29 Apr 2020
Posted in Banking
Italy’s savings market to stagnate in 2020 as economy comes to standstill, says GlobalData
COVID-19 will have a major impact on the savings and investments market in Italy, hurting retail equity and mutual fundings, while safer retail deposits will see increases, says GlobalData, a leading data and analytics company.
Retail deposits, and, to a lesser extent, bond holdings will fare better after COVID-19 due to consumers opting for safe options. GlobalData expects retail deposits to rise by 5.1% in 2020 (compared to 1.4% pre-COVID-19) and 3.7% in 2021 (1.7% previously).
Heike Van Den Hoevel, Senior Wealth Management Analyst at GlobalData, commented: “Retail deposits are set to benefit from a flight to safety away from risk assets and government support to mitigate the impact of the shutdown.”

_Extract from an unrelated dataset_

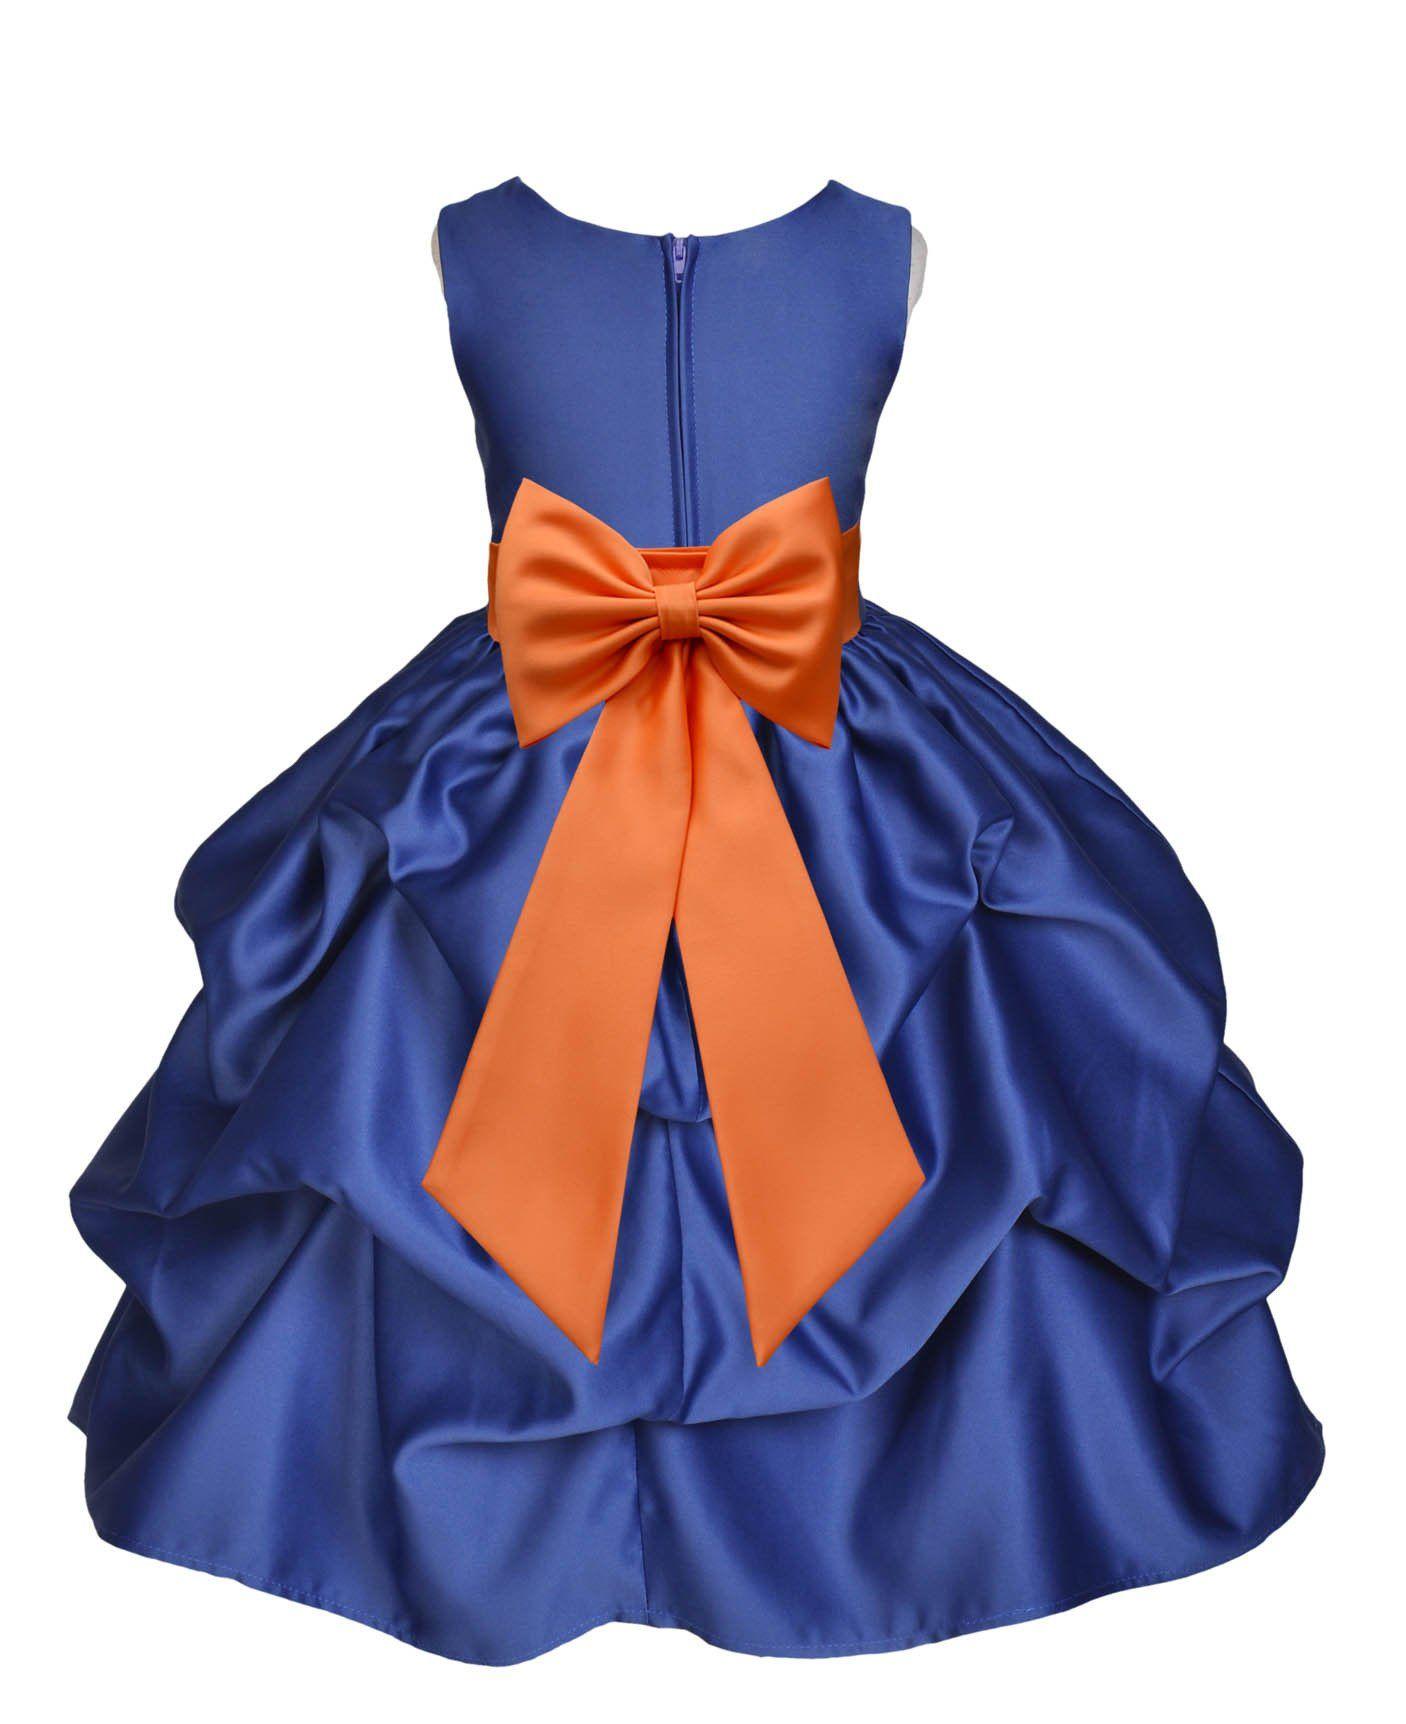 Navy blue pickup satin flower girl dress princess bridesmaid beauty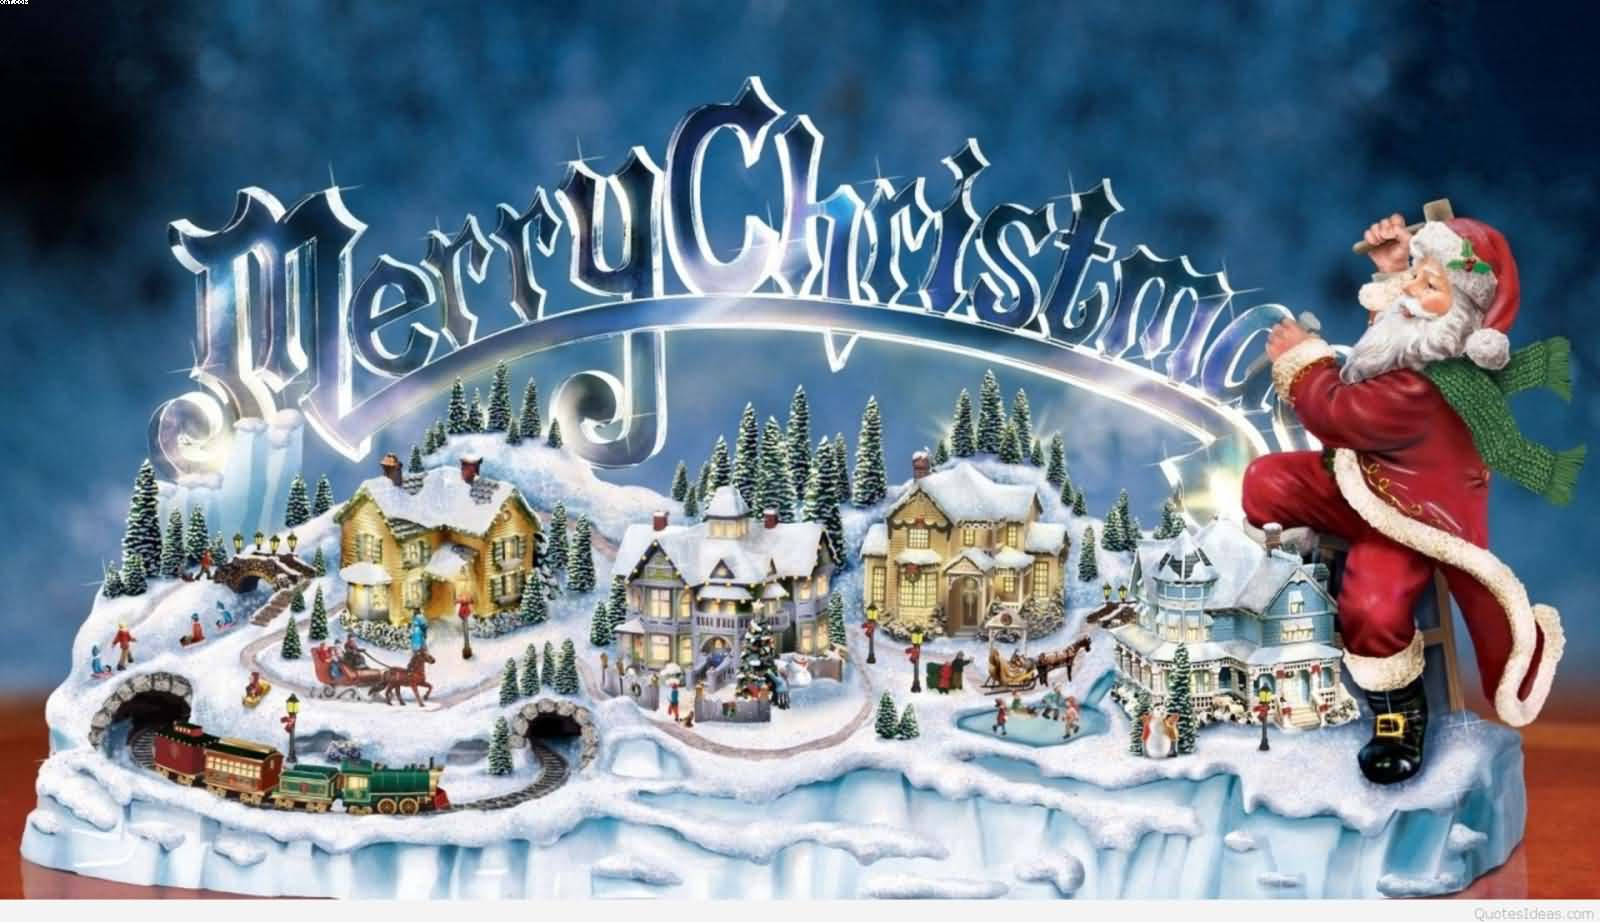 Merry Christmas beautiful wallpaper

The volatility of the stock market means retail equity and mutual fund holdings are expected to take the brunt of the struggling Italian economy. The FTSE MIB, Italy’s flagship index, lost a fifth of its value in March, as the government announced lockdown.
Van Den Hoevel adds: “The index recorded positive growth at the beginning of April off the back of a slowing infection rate in the country. However, the already fragile state of the economy before COVID-19 means that we are expecting a slow economic recovery, which will affect stock market performance and thus retail holdings over the forecast period”.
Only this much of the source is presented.